The Secret Life of Bees is a novel by Sue Monk Kidd. The novel mainly tells the story of Lily Owens a 14-year -old girl from South Carolina whereby her life has been shaped around the blurred memory after the killing of her mother since she believes that she shot her mother. Lily was then taken in by an eccentric trio of black beekeeping sisters who introduces her to their mesmerizing world of honey and bees as well as Black Madonna. The novel presents the maturation and development of Lily Owen who is a central character. Lily acts as the narrator and the protagonist in the novel. This essay analyzes the three main character traits of Lily Owen which are her longing for maternal love, her determination, and her maturity.
In the novel, Lily Owen portrays a character trait of determination. After her fourteenth birthday, Lily can find a mysterious font of confidence. This was after she had seen Rosaleen confronting a group of racist men in Sylvan (Kidd 129). Lily's determination forces her to search out any remaining traces of her mother. Lily was determined to Save Rosaleen from the hands of the racists. Lily did not know how dangerous racism was in South Carolina and after T. Ray tells her that Rosaleen is likely to die at the hands of the racists, Lily does not take even time to think about saving Rosaleen (Kidd 72). Lily was determined to escape the abusive and unpleasant home life that she was living in and go searching for her mother's past and therefore the confident that she had gained helped her.

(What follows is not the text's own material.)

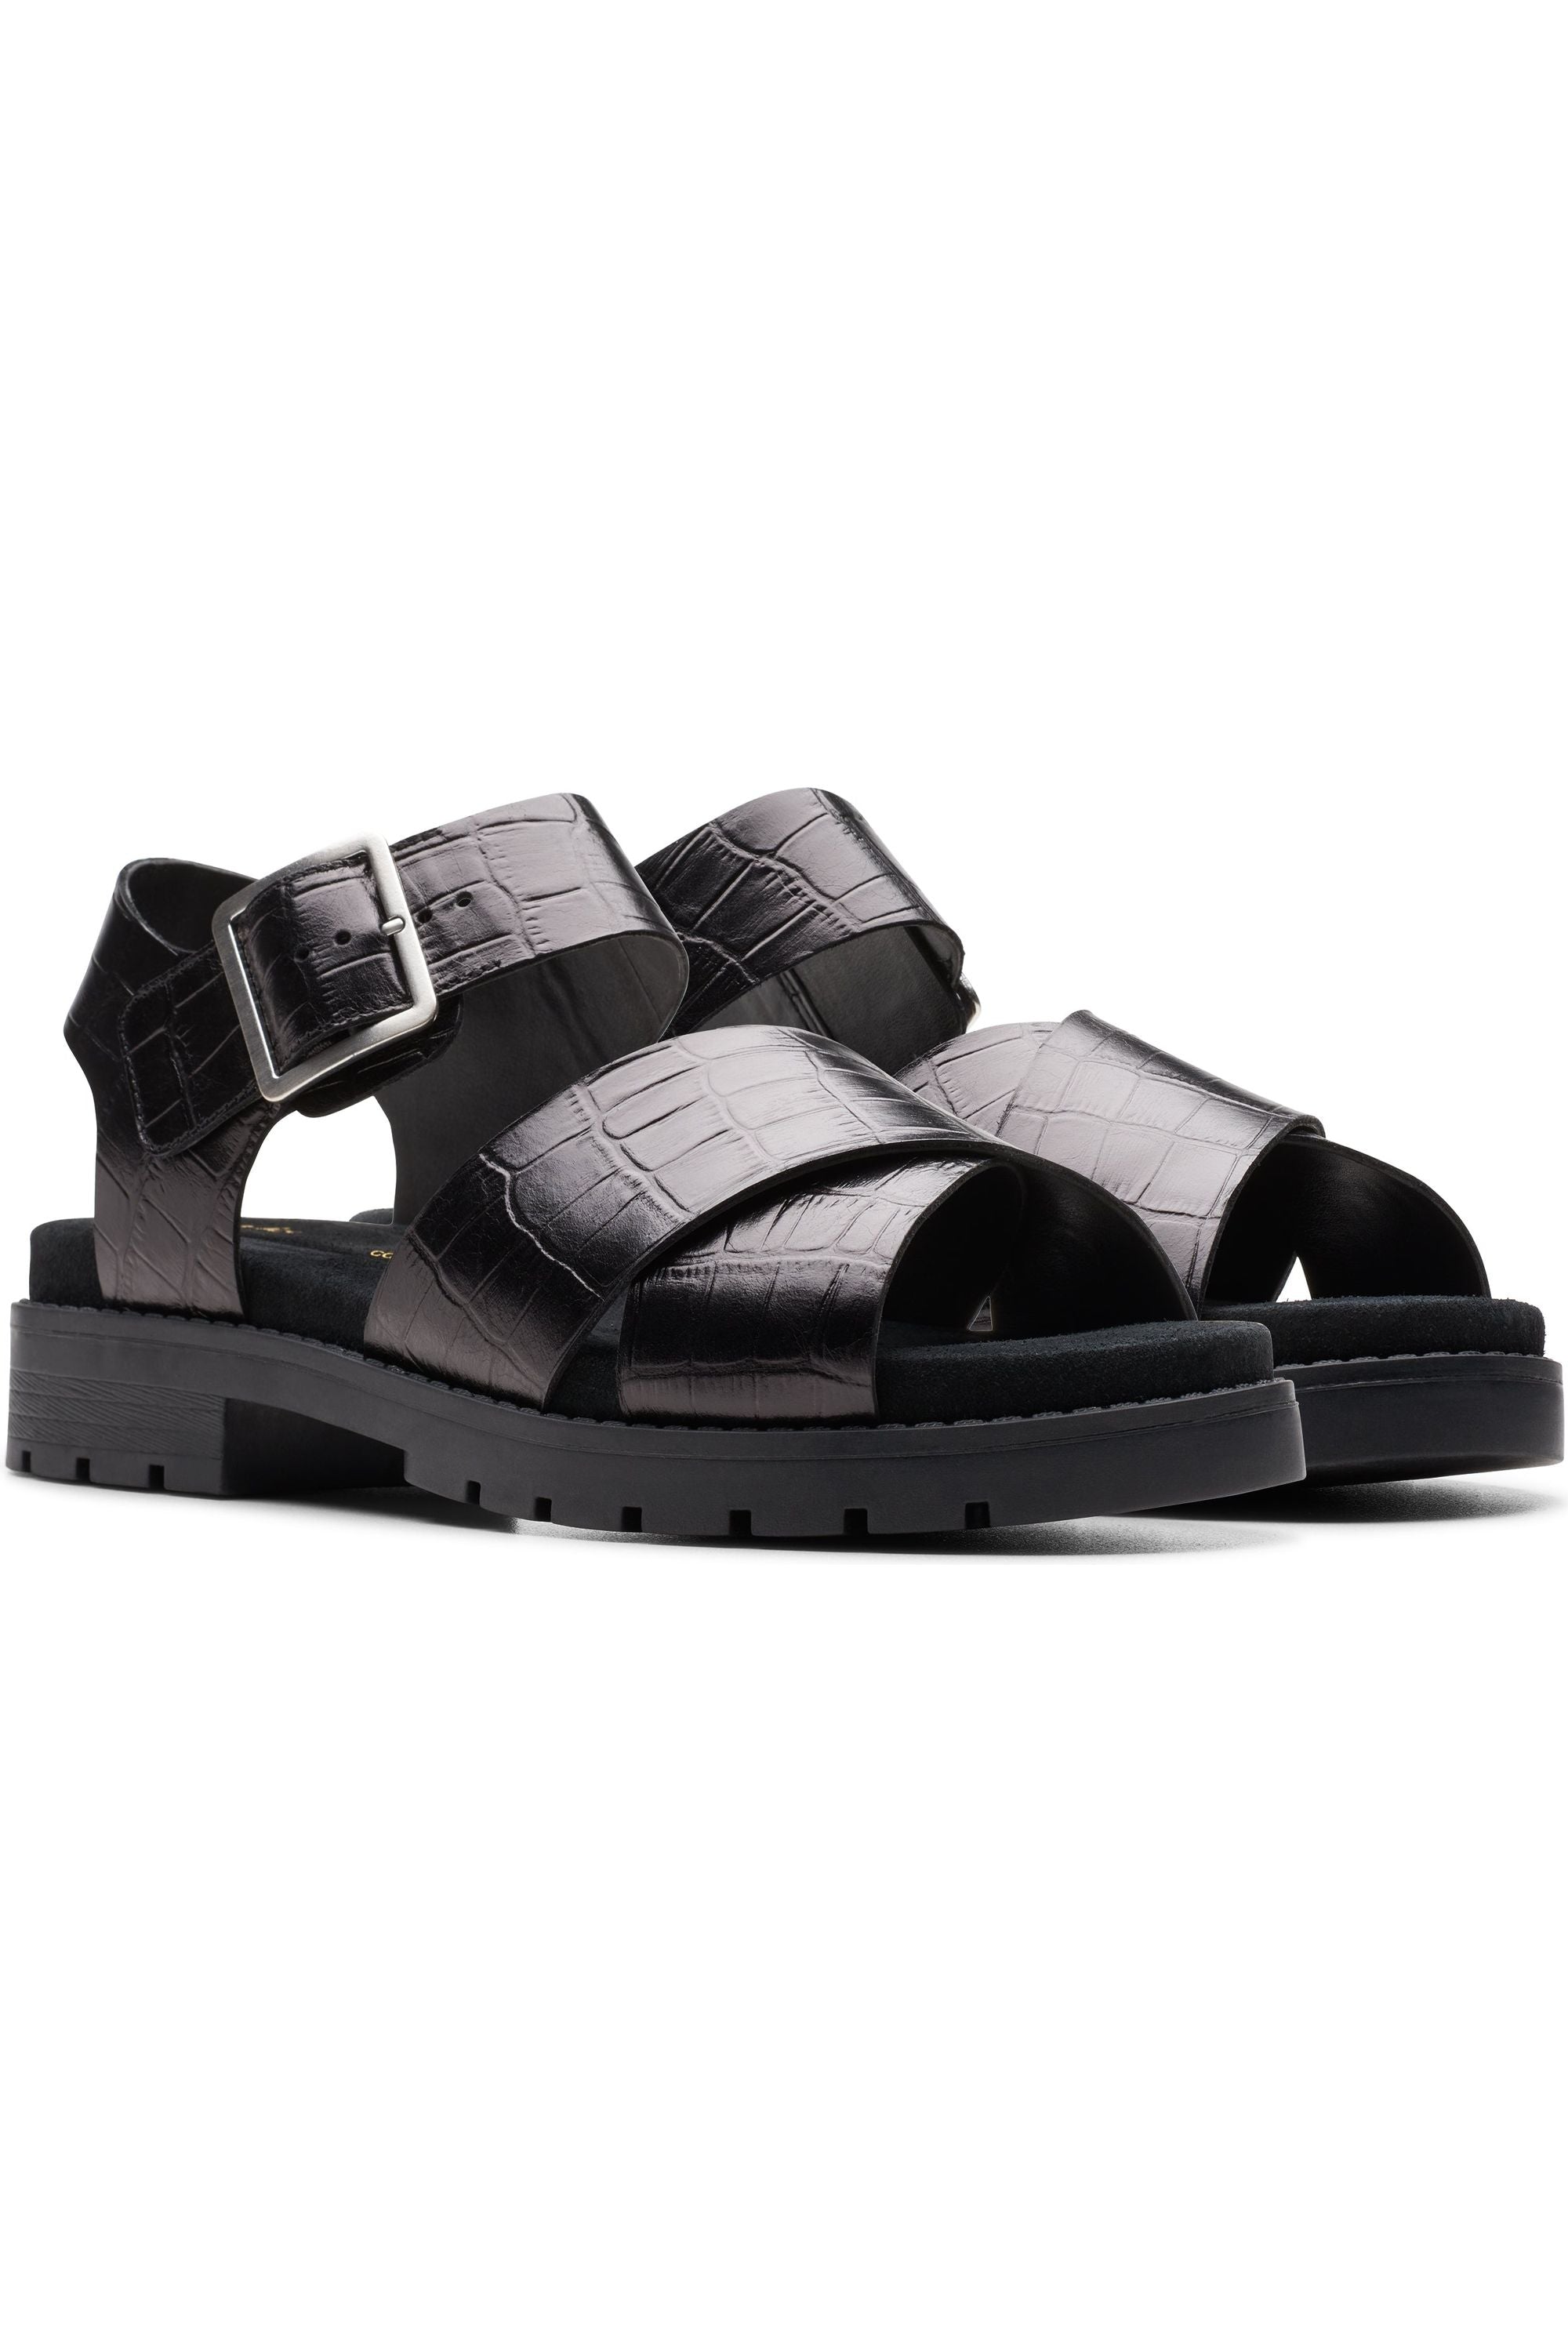 Clarks Orinoco Cross black Interest sandal

Lily greatly longed for love which she does not get from her father. Lily's father is brutal since he beats, and abuses Lily. Lily goes to the extent of risking her freedom and life by breaking Rosaleen out of jail due to her deep urge of having someone to love her. She tries to find a link to her dead mother by going to Tiburon, South Carolina despite not knowing why, when and when Deborah had passed through Tiburon and all she knew was that she was once there. Lily says "This is what I know about myself. She was all I wanted, and I took her away" (Kidd 8). In the novel, Lily develops a sense of absurd which shields her from the pain of lack of parental love. Lily muses that most children have a parent who does not love them and wonders why she needs two parents. Lily feels the urge to be with her mother and as well as the feeling of connecting with other human beings. Lily's desire to experience maternal love is evident in the novel when she imagines her mother doing the ideal things mothers usually do romantically such as brushing her hair. In the novel, Lily says "She had spent her life imagining the way her mother would have loved her "(Kidd 198).Through Zach and August Lily starts to find loving connections towards people who treat her right. Lily meets a black boy named Zach who she falls in love with. .Rosaleen can shower Lily with love and knows when something is important to love in the novel Rosaleen tells Lily, "Here you go. Happy Birthday" (Kidd 28).Just like most mothers would do Rosaleen can tell when Lily is sad or in pain.

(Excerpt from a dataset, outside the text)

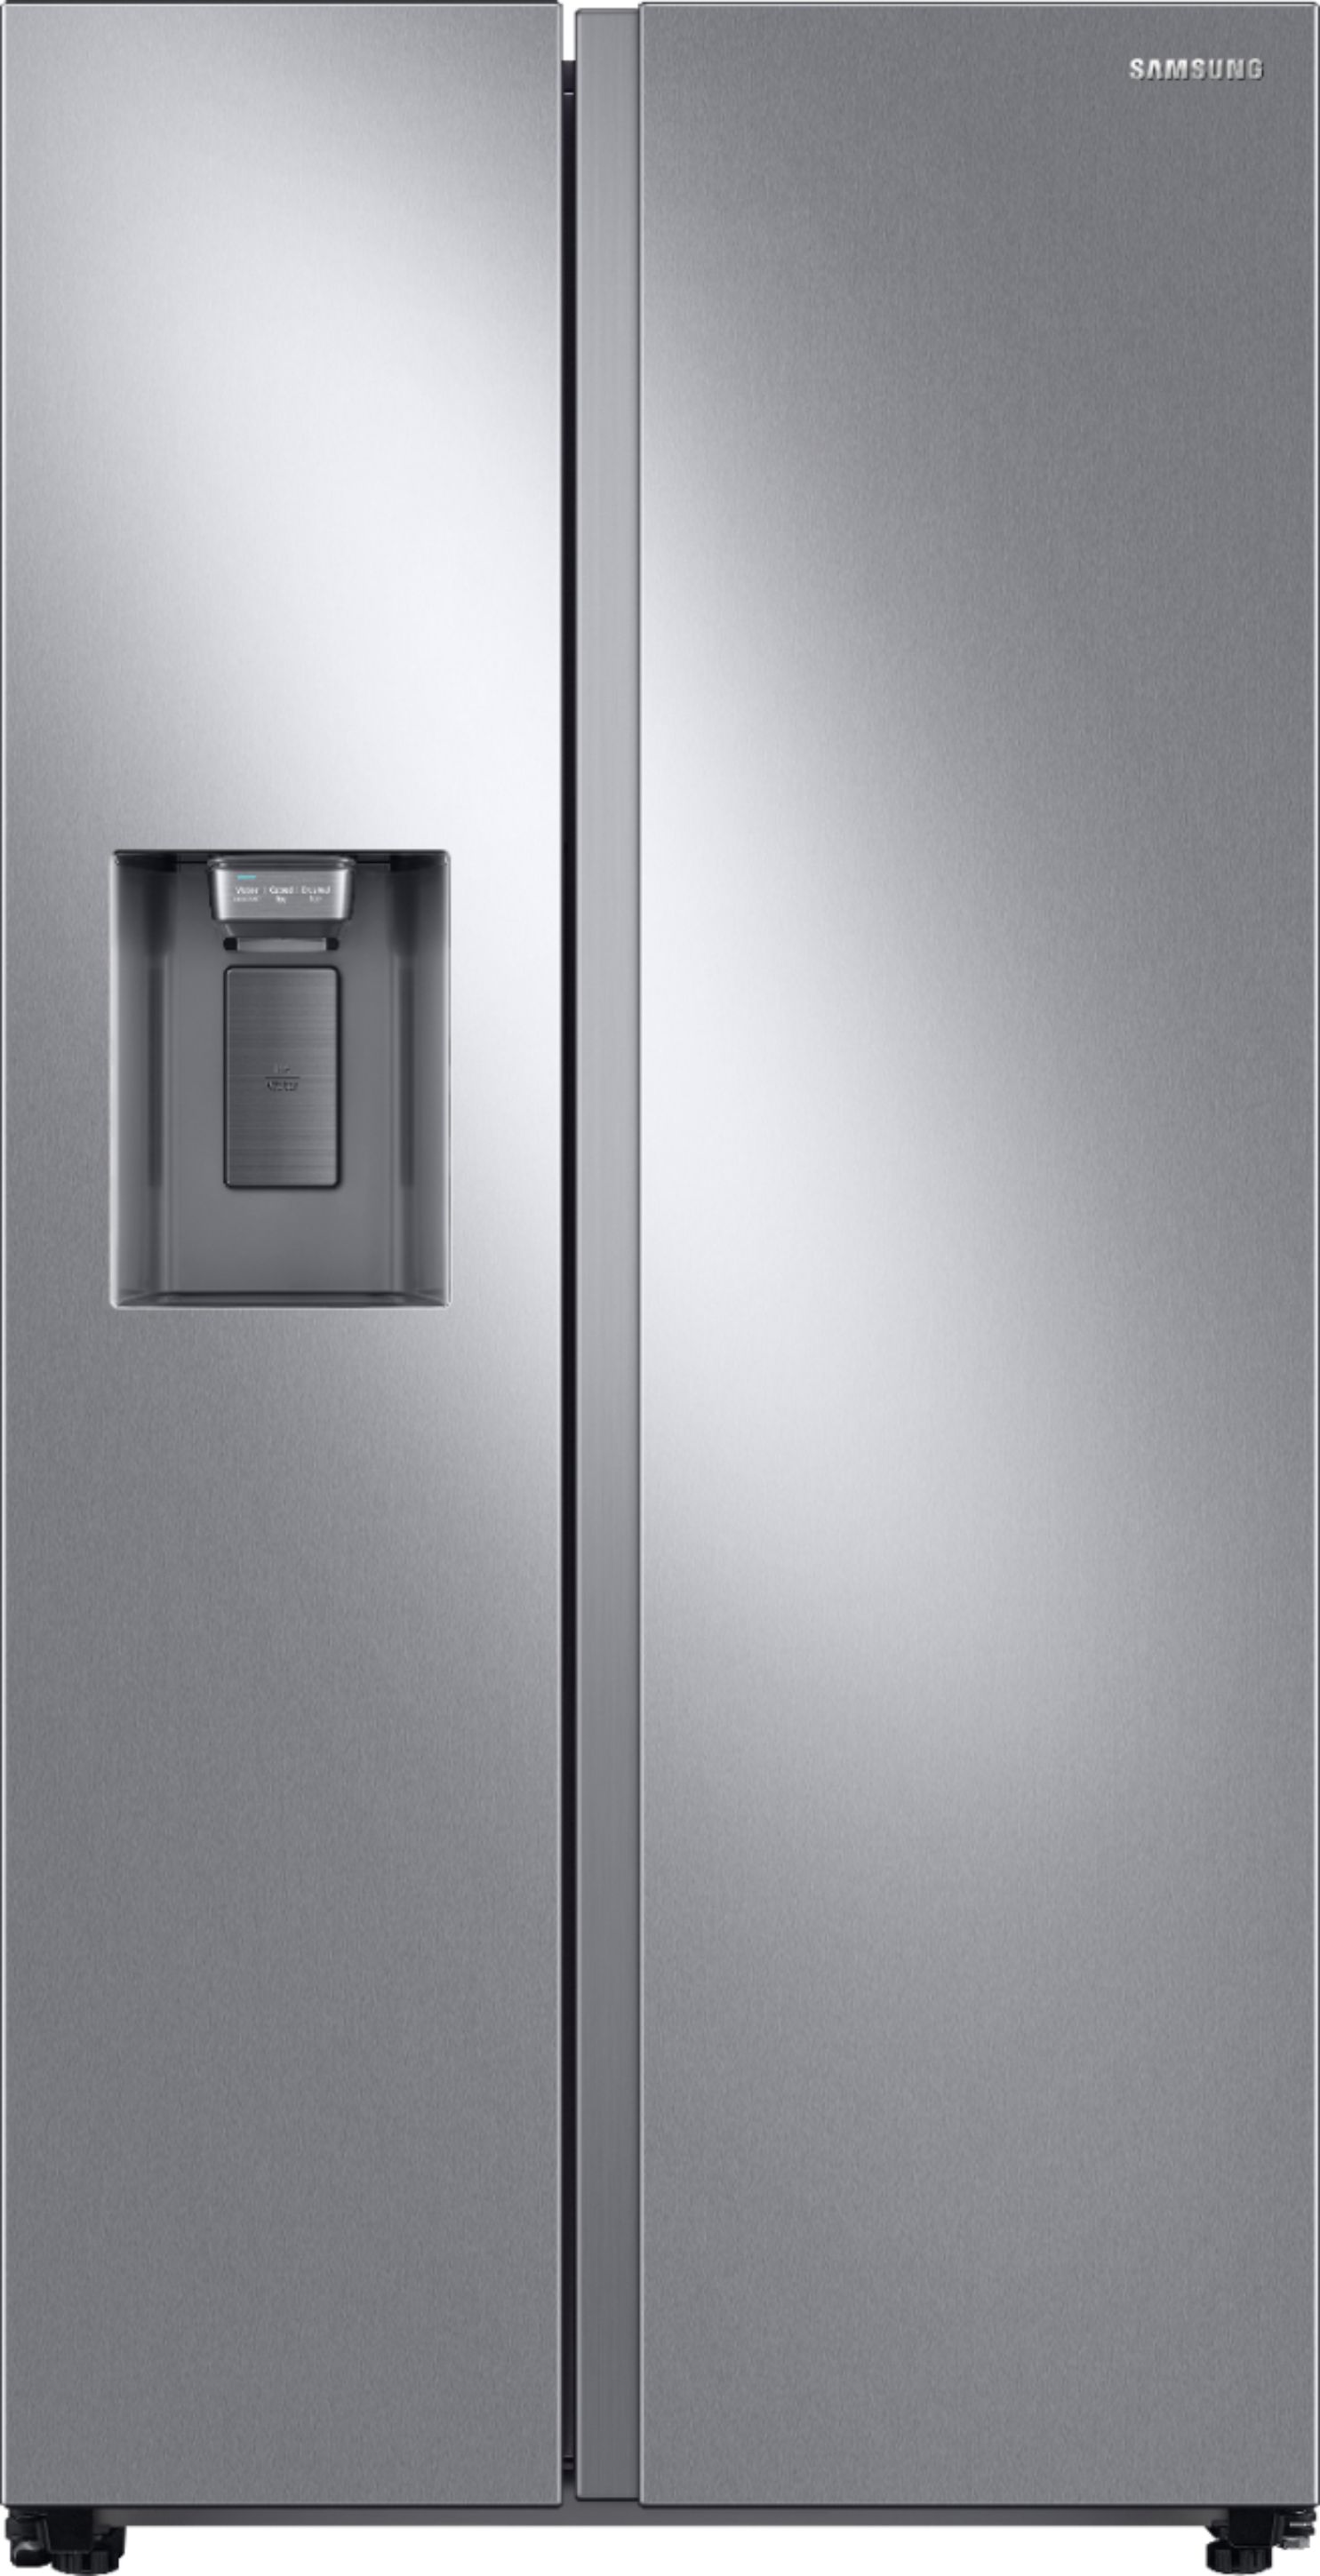 Image of Samsung RS27T5200SR refrigerator at Best Buy

In the novel, Lily portrays a great degree of maturity. Lily matures into a young woman over the course of the novel and ends up being part of a supportive community. She learns things about herself and develops a character that is more positive. Through Zach and August Lily can improve on her maturity since she is inspired by Zach to be more sensitive, and August inspires her to be more introspective. Lily shows her maturity to understand that it was not the fault of her mother after she had learned about her mother abandoning her. Lily is mature enough to process the feelings of anger, guilt, and confusion as well as love her complex and flawed mother. This acts as evidence of Lily's maturation whereby she can love without blame or guilt. Lily can confront her father who is also a sign of her maturity. Lily's maturity enables her to progress despite her father's inhumanity. Lily is mature enough to forgive herself and her mother since all her life she has been accusing herself and torturing herself mentally because of her mother's death. The final step in Lily's growing into a young woman who believes in her worth and can love others and therefore able to see the viewpoint of his father. Lily was able to see that the death of Deborah was the cause her father's anger and bitterness.

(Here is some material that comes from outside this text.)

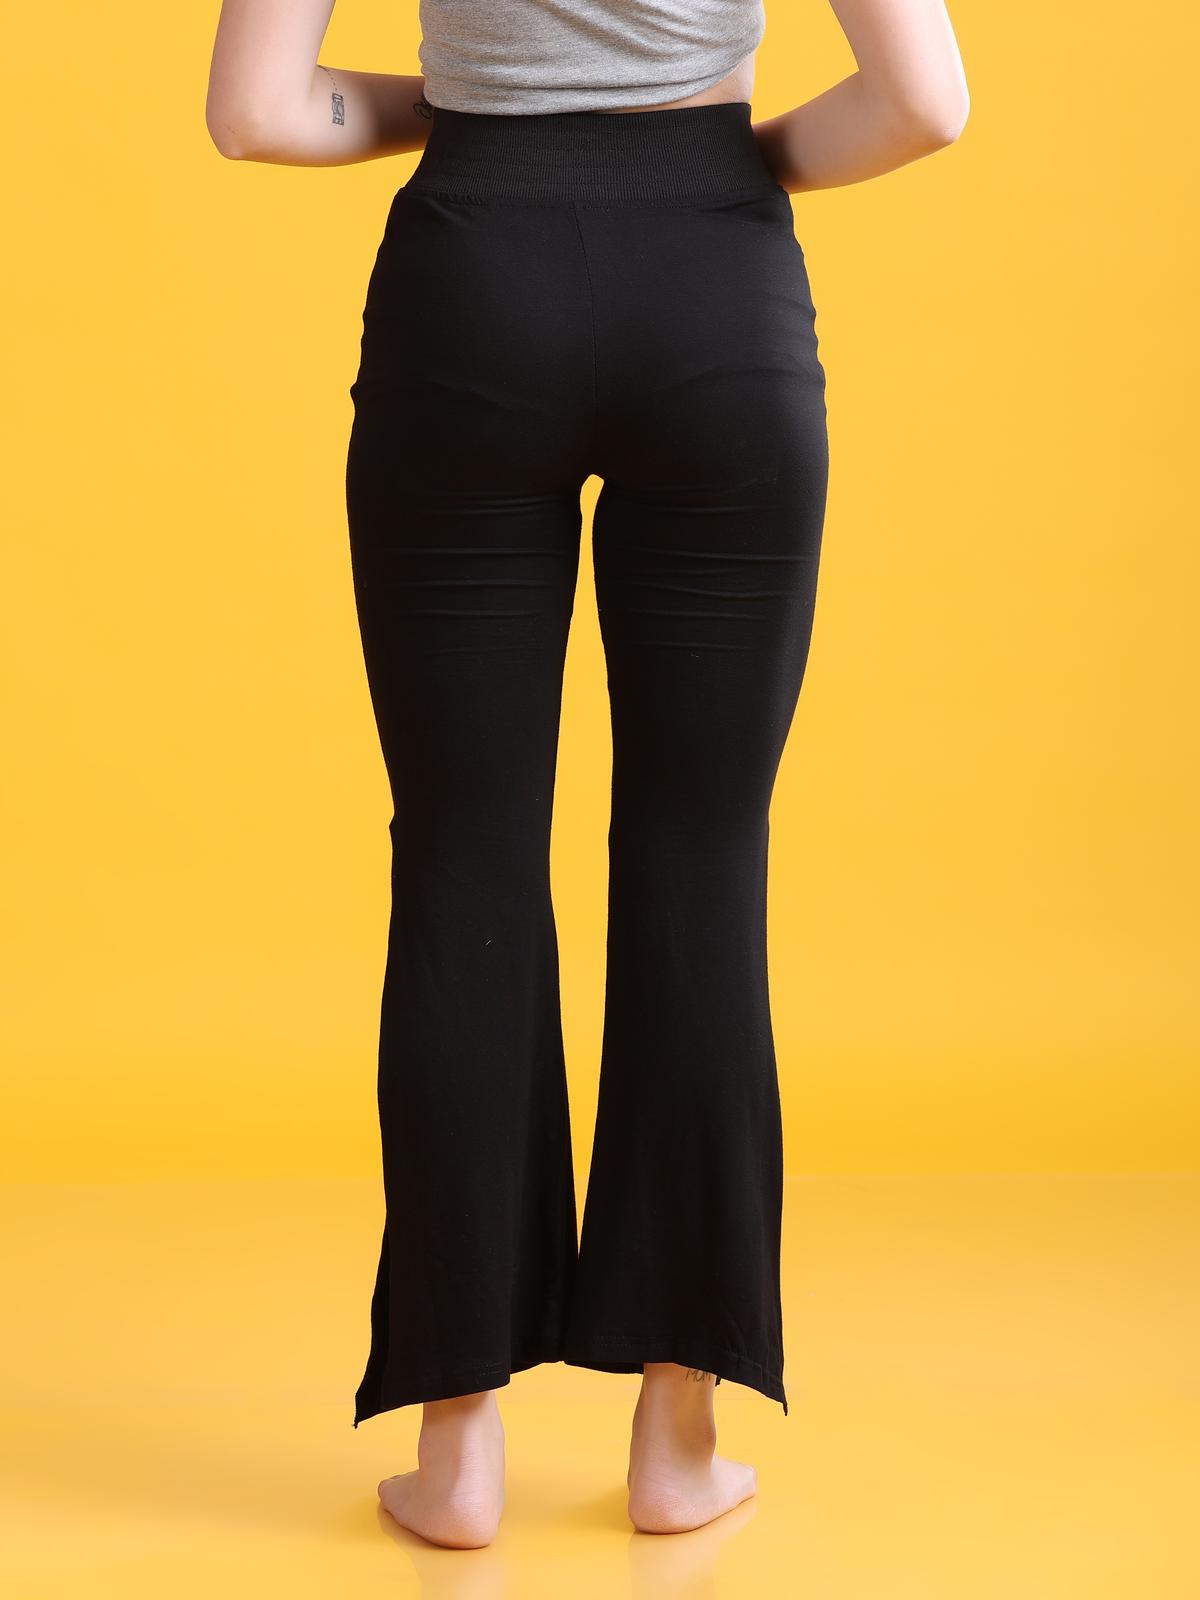 Buy Women High Waist Cotton Side Slit Flared Pants Online

In conclusion after leaving home Lily was able to discover various qualities. Lily's sense of humor assist her to survive and understand about her yearning for her mother better and her ability to forgive. Through Lily being able to forgive her mother, we learn about the power of forgiveness since after that Lily develops, and become independent. Through Lily we are able to learn about the love, racism and community within the Sylvan and Tiburon communities. Lily helps us to learn about the importance of developing female-centric communities. Lily learns to love herself as well as to love others. Through Lily we are able to learn that no one is perfect.
Kidd, Sue M. The Secret Life of Bees. Tinder P, 2015.